ORDER NO. 99-279

ENTERED APR 16 1999

This is an electronic copy. Appendices and footnotes may not appear.

BEFORE THE PUBLIC UTILITY COMMISSION

OF OREGON

LC 22

In the Matter of the Investigation into Least-Cost Planning for Resource Acquisitions by PACIFICORP. )

) ORDER

 DISPOSITION: LEAST-COST PLAN ACKNOWLEDGED

On December 17, 1997, PacifiCorp, dba Pacific Power & Light Company (Pacific or the company) filed its fifth least-cost plan entitled Resource and Market Planning Program (RAMPP-5). This filing is in accordance with Public Utility Commission of Oregon (Commission) Order No. 89-507 that directed all energy utilities to prepare least-cost plans every two years.

Order No. 89-507 requires regulated utilities to involve the public in the planning process. Pacific held six public advisory group meetings to help formulate its program. The RAMPP-5 Advisory Group (RAG) consisted of 17 public and private groups. The RAG participants, who suggested changes or additions to input assumptions and submitted comments on the draft report, are listed on pages 31 and 32 of the report.

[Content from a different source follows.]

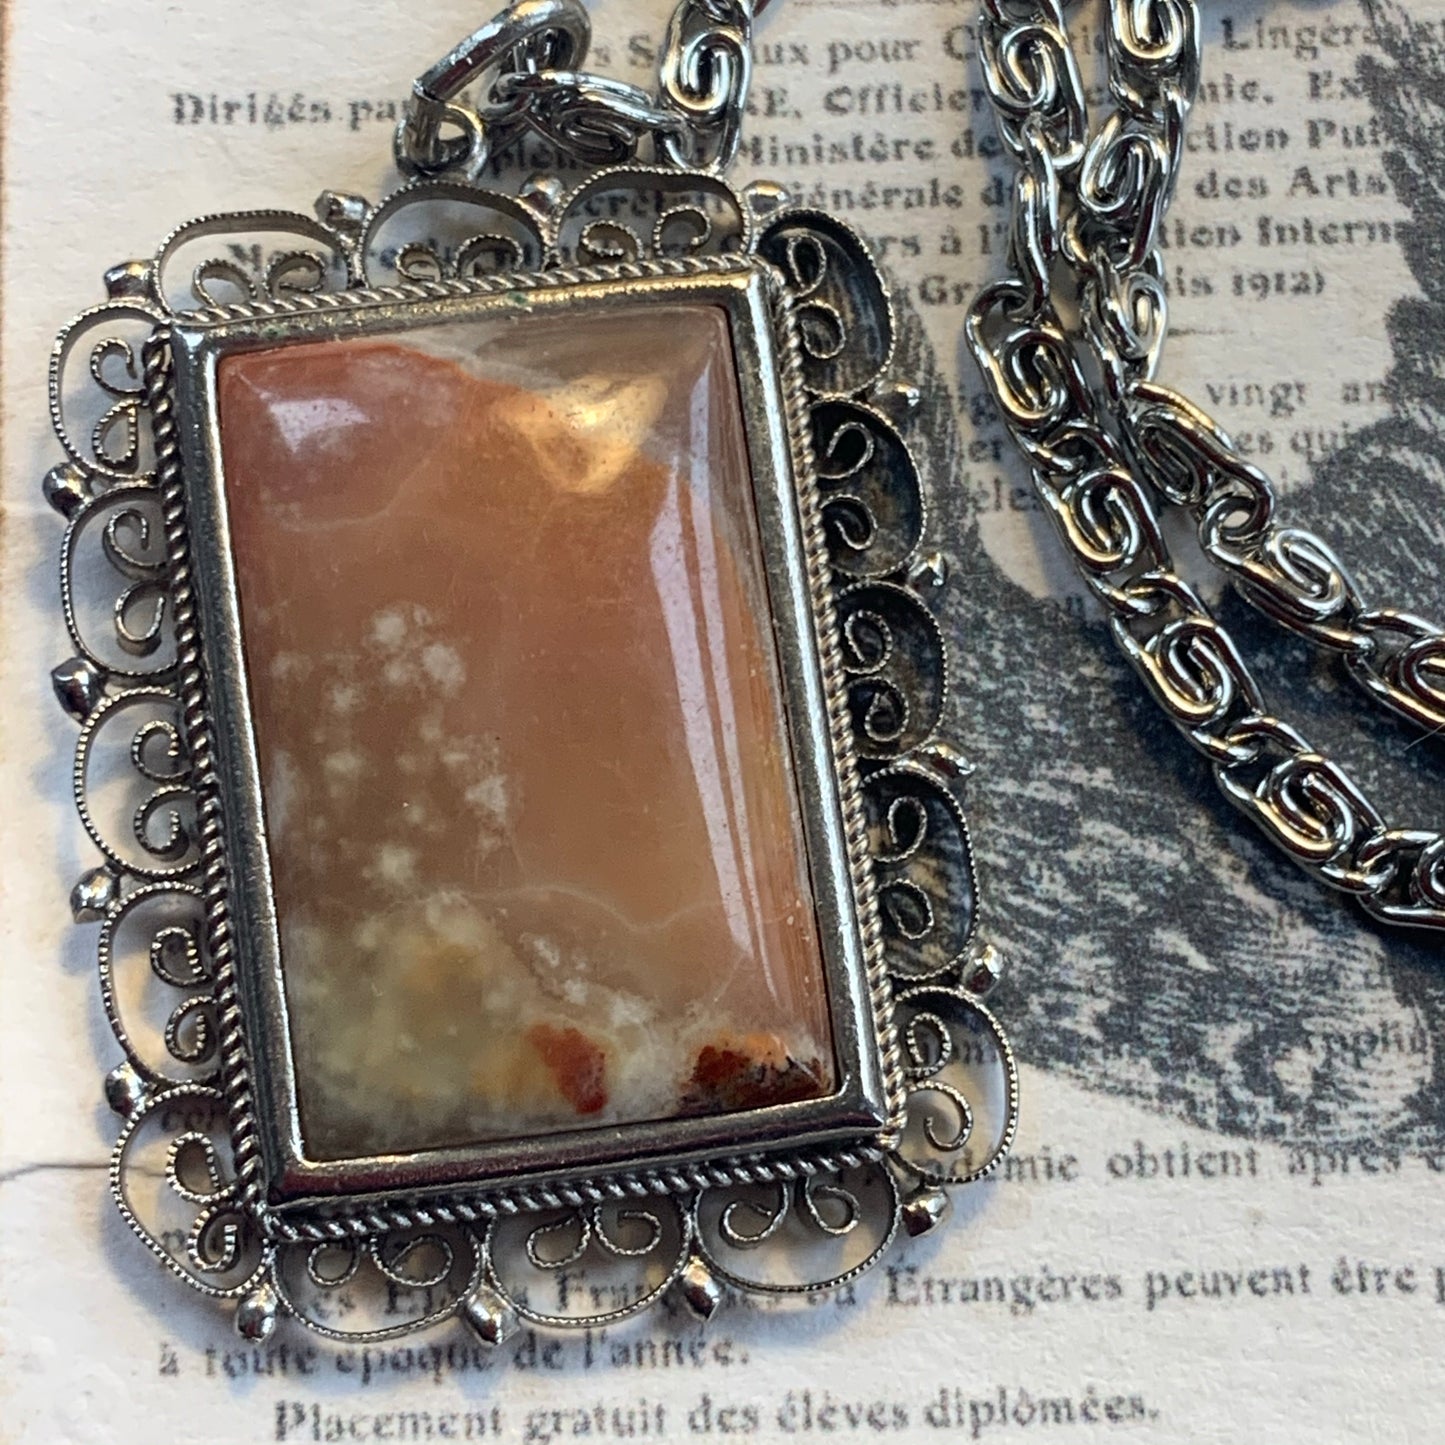 Uniquely Lady Slippers Italian Agate Pendant Necklace - Lady Slippers
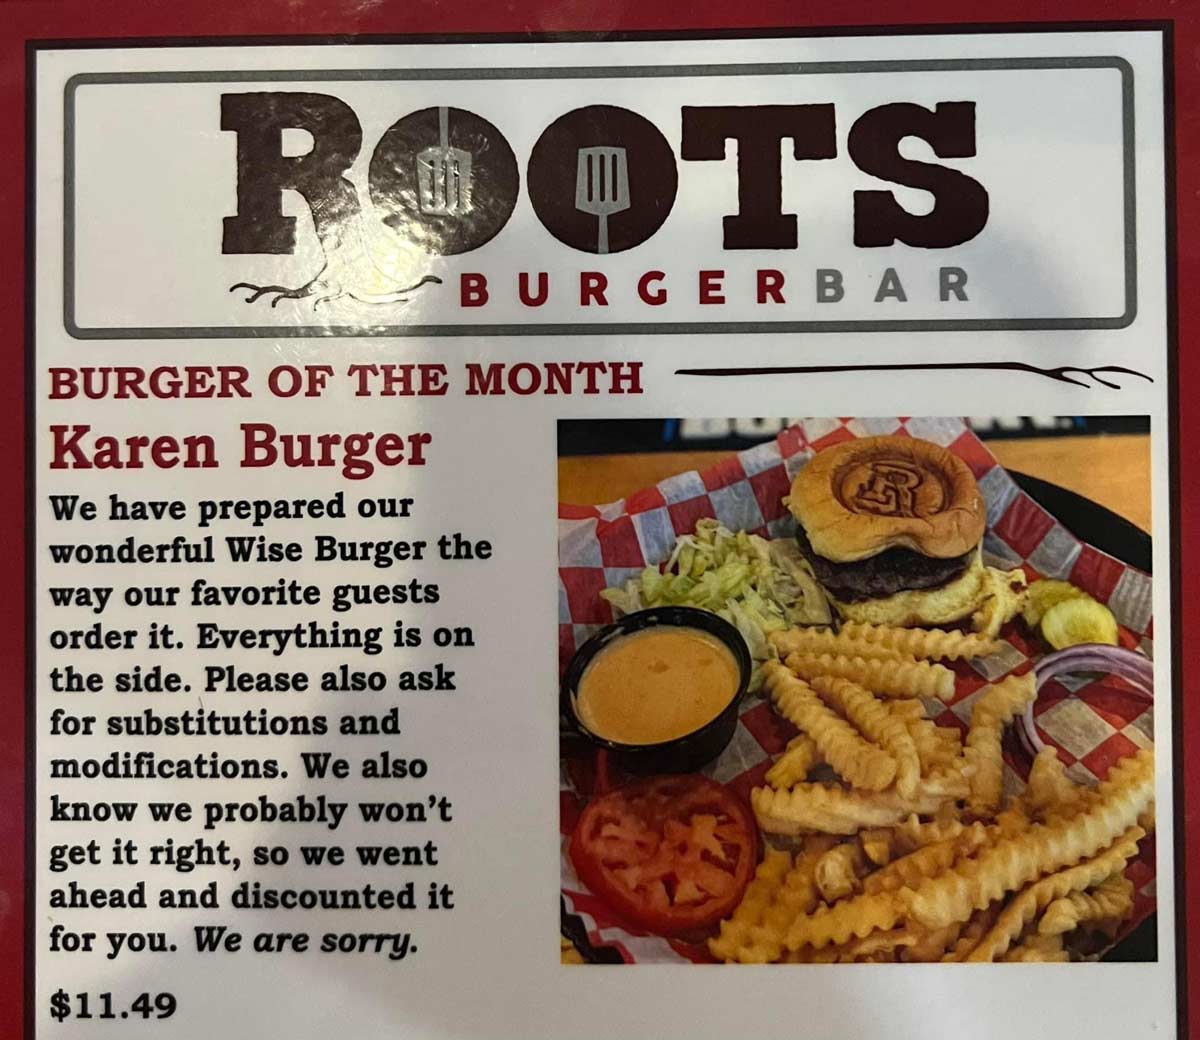 dank memes - junk food - Roots Burgerbar Burger Of The Month Karen Burger We have prepared our wonderful Wise Burger the way our favorite guests order it. Everything is on the side. Please also ask for substitutions and modifications. We also know we prob

At the request of Commission Staff, Pacific filed a two-page supplement to RAMPP-5 on August 7, 1998, describing the status of the company’s hydro relicensing efforts in the State of Oregon for the North Umpqua, Powerdale, and Klamath projects. At the March 16, 1999, Public Meeting, the Commission adopted the Staff recommendation to acknowledge RAMPP-5.

 PROVISIONS OF THE PLAN

Pacific’s Least-Cost Plan

The RAMPP-5 documents describe the assumptions, strategies and principles that Pacific evaluated in determining its most prudent course of action to provide electrical energy to the public over the next 20 years. While the RAMPP-5 analysis uses a 20-year planning horizon with an additional 20 years to account for end effects, the focus is on the next 10 years. The plan analyzed 31 different cases and 8 sweeps involving approximately 100 sensitivities. Each sweep included up to 16 sensitivities, whereby the company varied one factor in small increments to better understand how variation in that factor can affect planning issues. The sweeps included sensitivities of natural gas prices and wholesale electric market prices, load change, environmental adders, and several other issues.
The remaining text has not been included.